On Thu, Aug 21, 2025, at 17:40, Thomas Weißschuh wrote:
These fallbacks where added when no explicit fallbacks for time64 was implemented. Now that these fallbacks are in place, the additional fallback to __nolibc_enosys() is superfluous.
Signed-off-by: Thomas Weißschuh linux@weissschuh.net
Hi Thomas,
I just saw these fly by as they made it into mainline and I noticed that there is still something wrong here:
@@ -39,10 +39,8 @@ int sys_poll(struct pollfd *fds, int nfds, int timeout) t.tv_nsec = (timeout % 1000) * 1000000; } return my_syscall5(__NR_ppoll_time64, fds, nfds, (timeout >= 0) ? &t : NULL, NULL, 0); -#elif defined(__NR_poll)
- return my_syscall3(__NR_poll, fds, nfds, timeout);
#else
- return __nolibc_enosys(__func__, fds, nfds, timeout);
- return my_syscall3(__NR_poll, fds, nfds, timeout);
#endif }
The change is fine, as there is always at least one of the time64 or the old syscalls implemented, for any of the affected calls.
However, the problem here is the default to the old time types on 32-bit targets, for two reasons:
- this fails when turning off CONFIG_COMPAT_32BIT_TIME - the old types are often too short, both for the y2038 overflow and for the file system types.
I suspect the problem is that the kernel's uapi/linux/time.h still defines the old types as the default, and nolibc historically just picks it up from there.

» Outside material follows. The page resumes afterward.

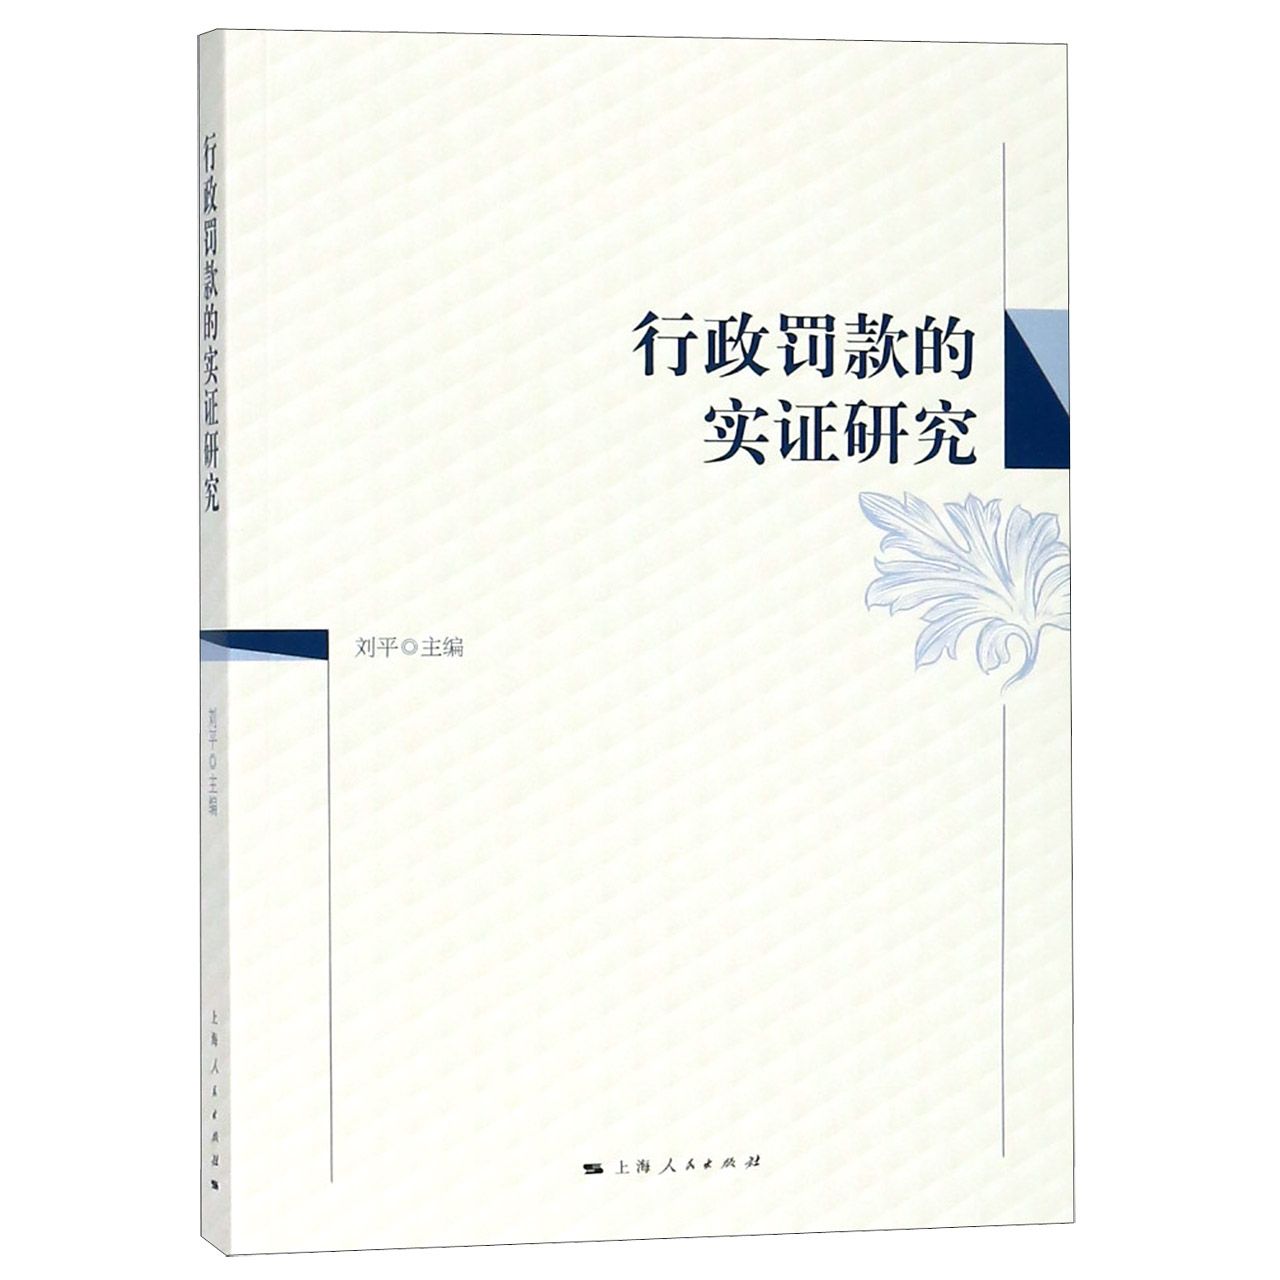 行政罚款的实研究编者:刘平9787208155138法律/行政法

The proper solution I think would be to do the same thing that klibc has and use sane defaults for all the types along with the modern syscalls. At least __kernel_time_t, __kernel_timespec, __kernel_ino_t, __kernel_loff_t and probably a few more. We should also consider drop the legacy type definitions from uapi/linux/time.h and require each libc to define their own.